ABOUT THIS TASK: Once the line with "Triciclo Motoca Infantil" is found in the entries below, repeat it and each following line exactly, up to and including the line with "Pays-Bas changements de". Add no other lines.

MATERIAL PROVIDED:
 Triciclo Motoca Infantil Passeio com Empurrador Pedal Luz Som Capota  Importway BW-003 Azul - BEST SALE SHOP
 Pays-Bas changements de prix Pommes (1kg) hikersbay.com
==
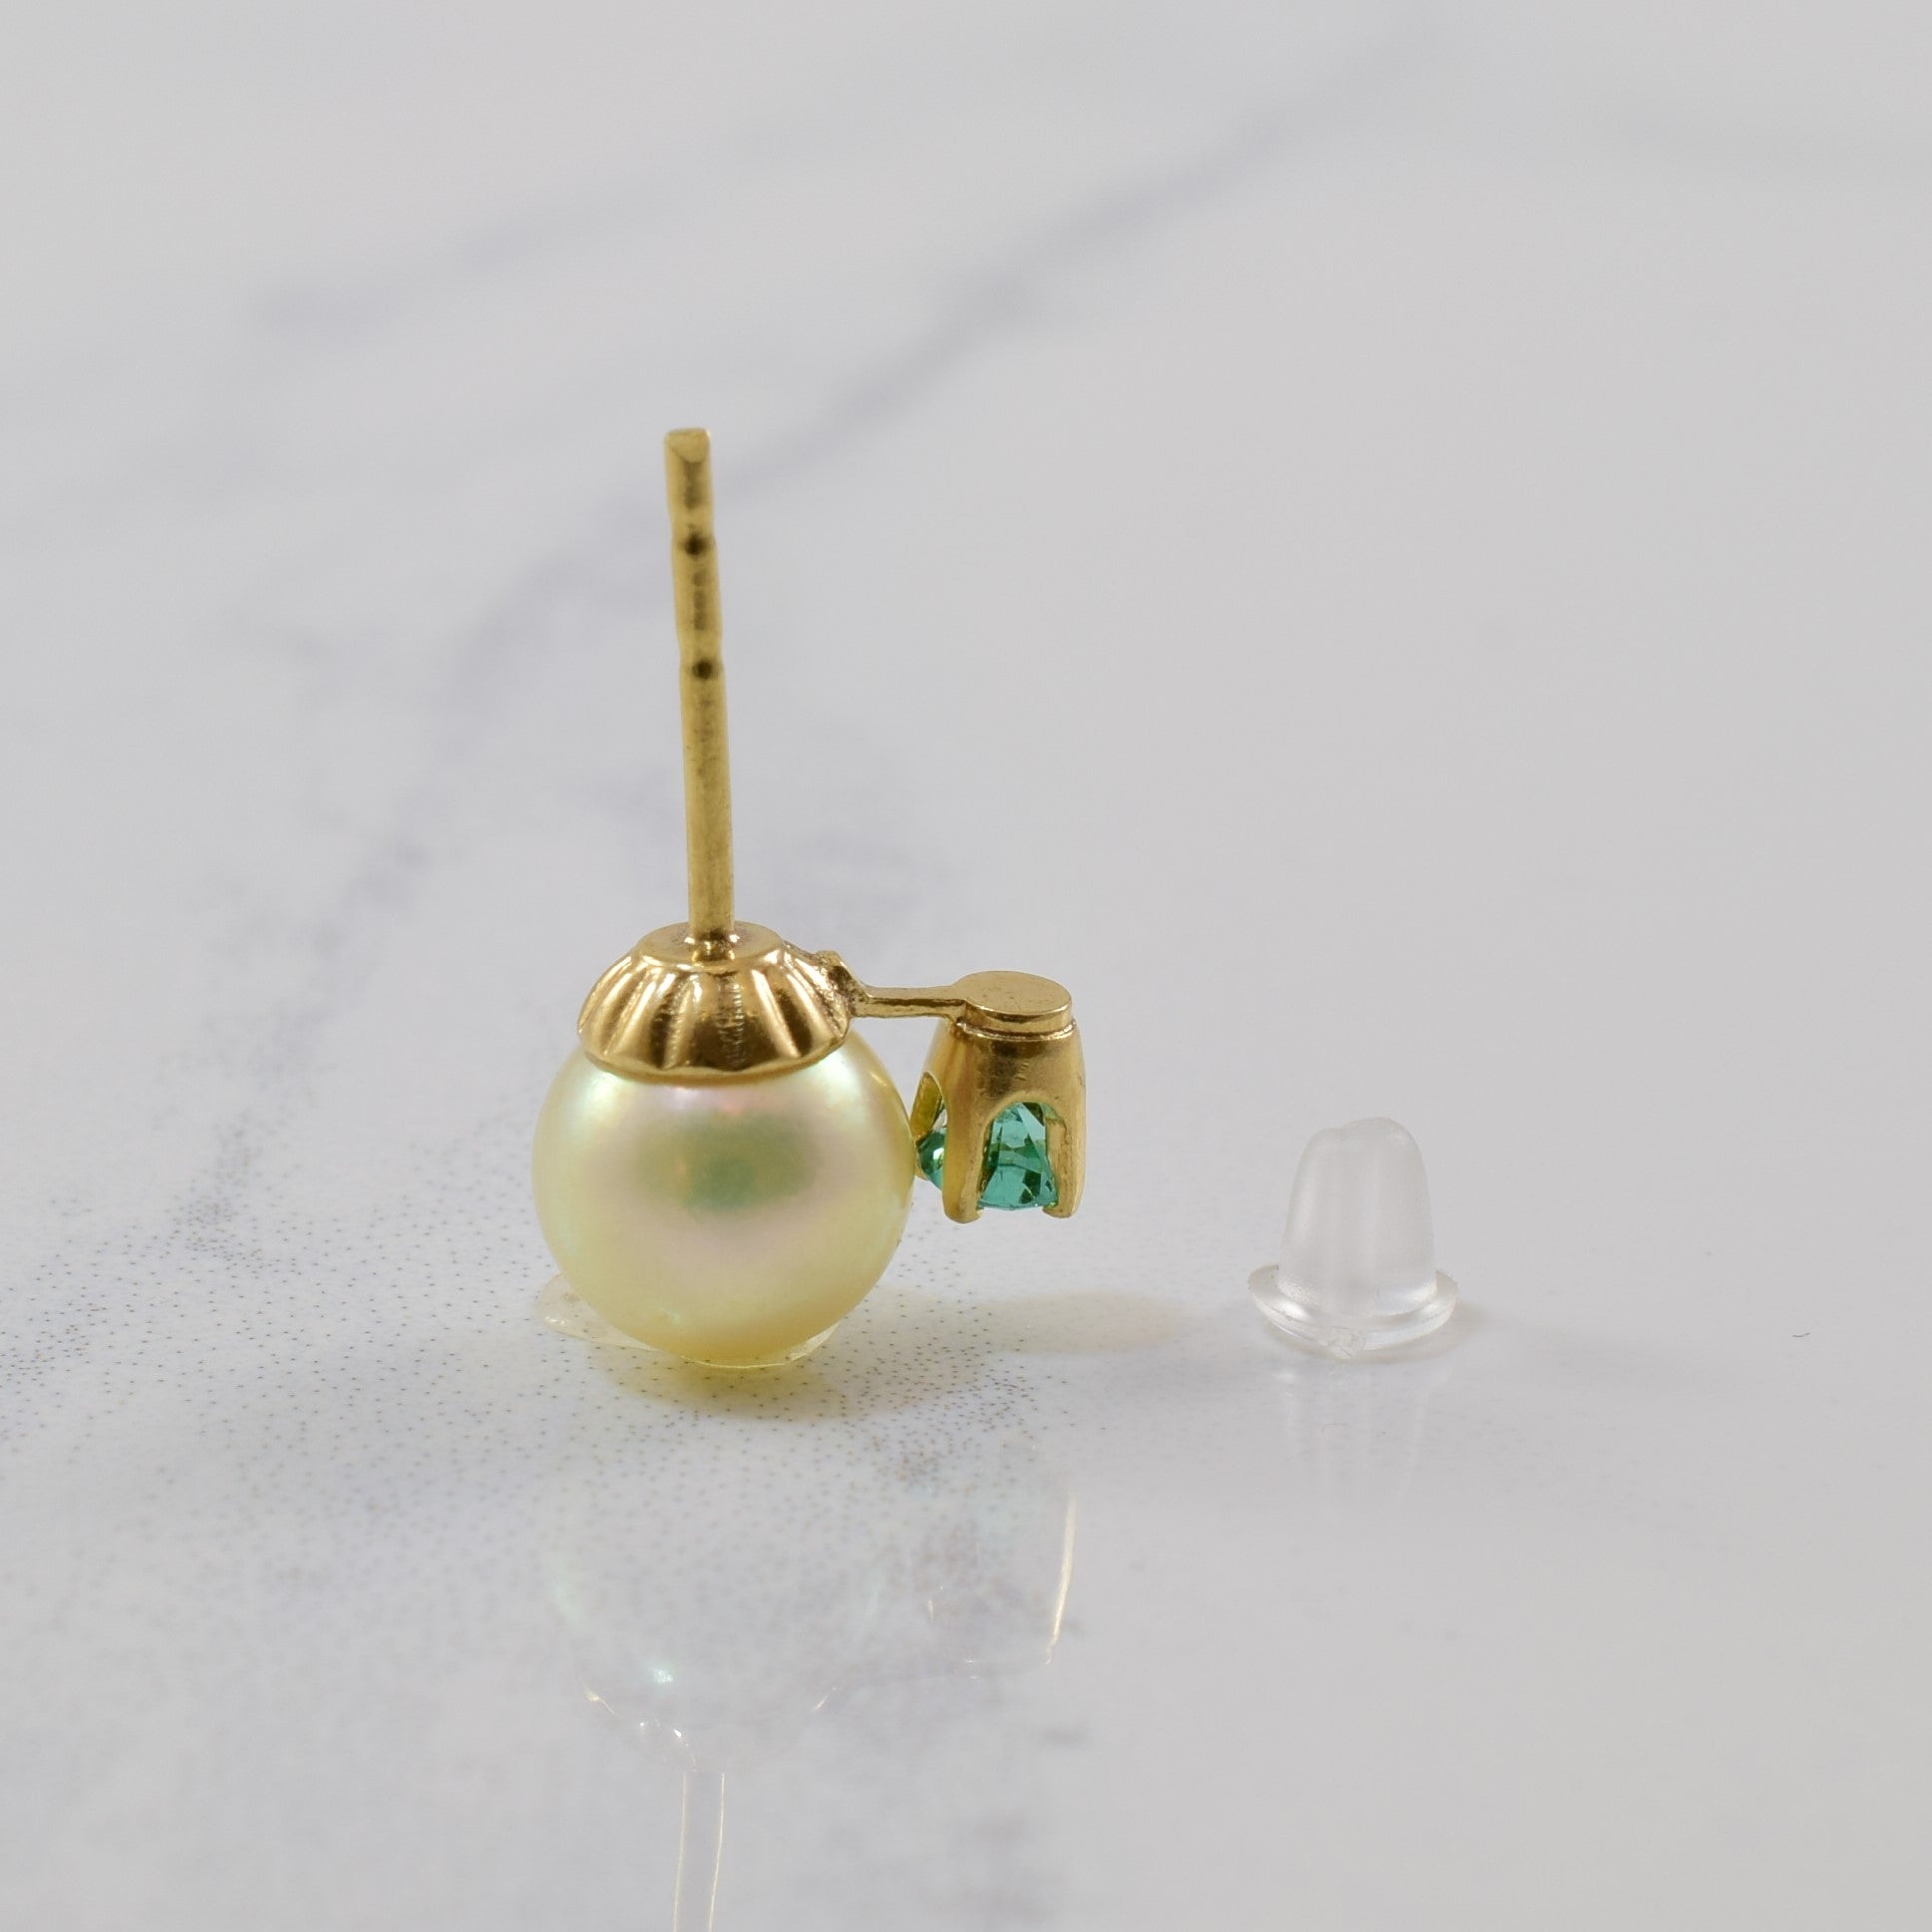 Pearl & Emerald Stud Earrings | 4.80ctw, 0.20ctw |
--
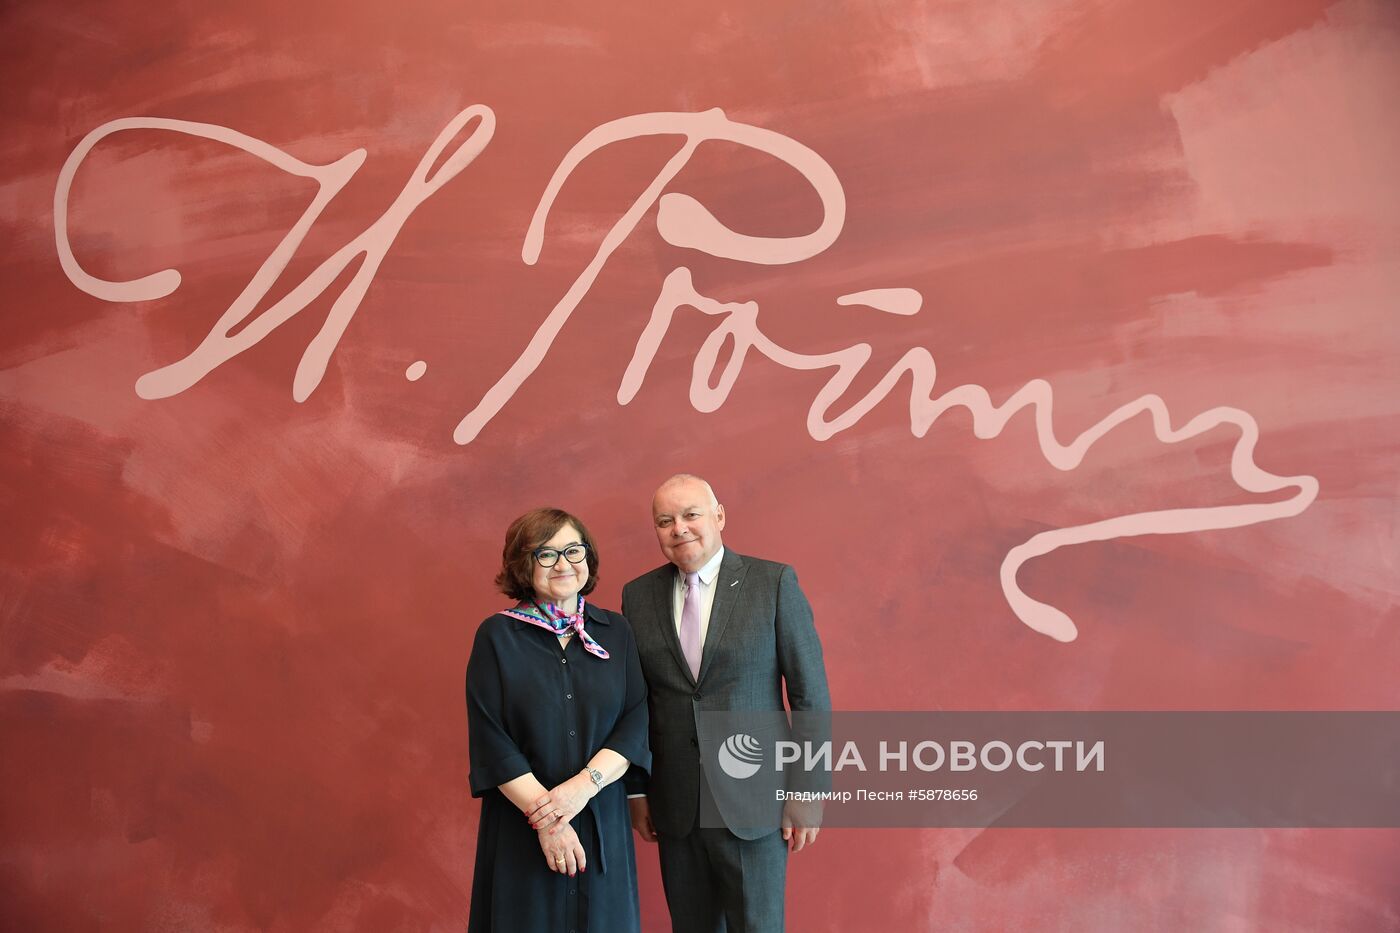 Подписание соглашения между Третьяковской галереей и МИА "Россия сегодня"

RESPONSE BELOW:
 Triciclo Motoca Infantil Passeio com Empurrador Pedal Luz Som Capota  Importway BW-003 Azul - BEST SALE SHOP
 Pays-Bas changements de prix Pommes (1kg) hikersbay.com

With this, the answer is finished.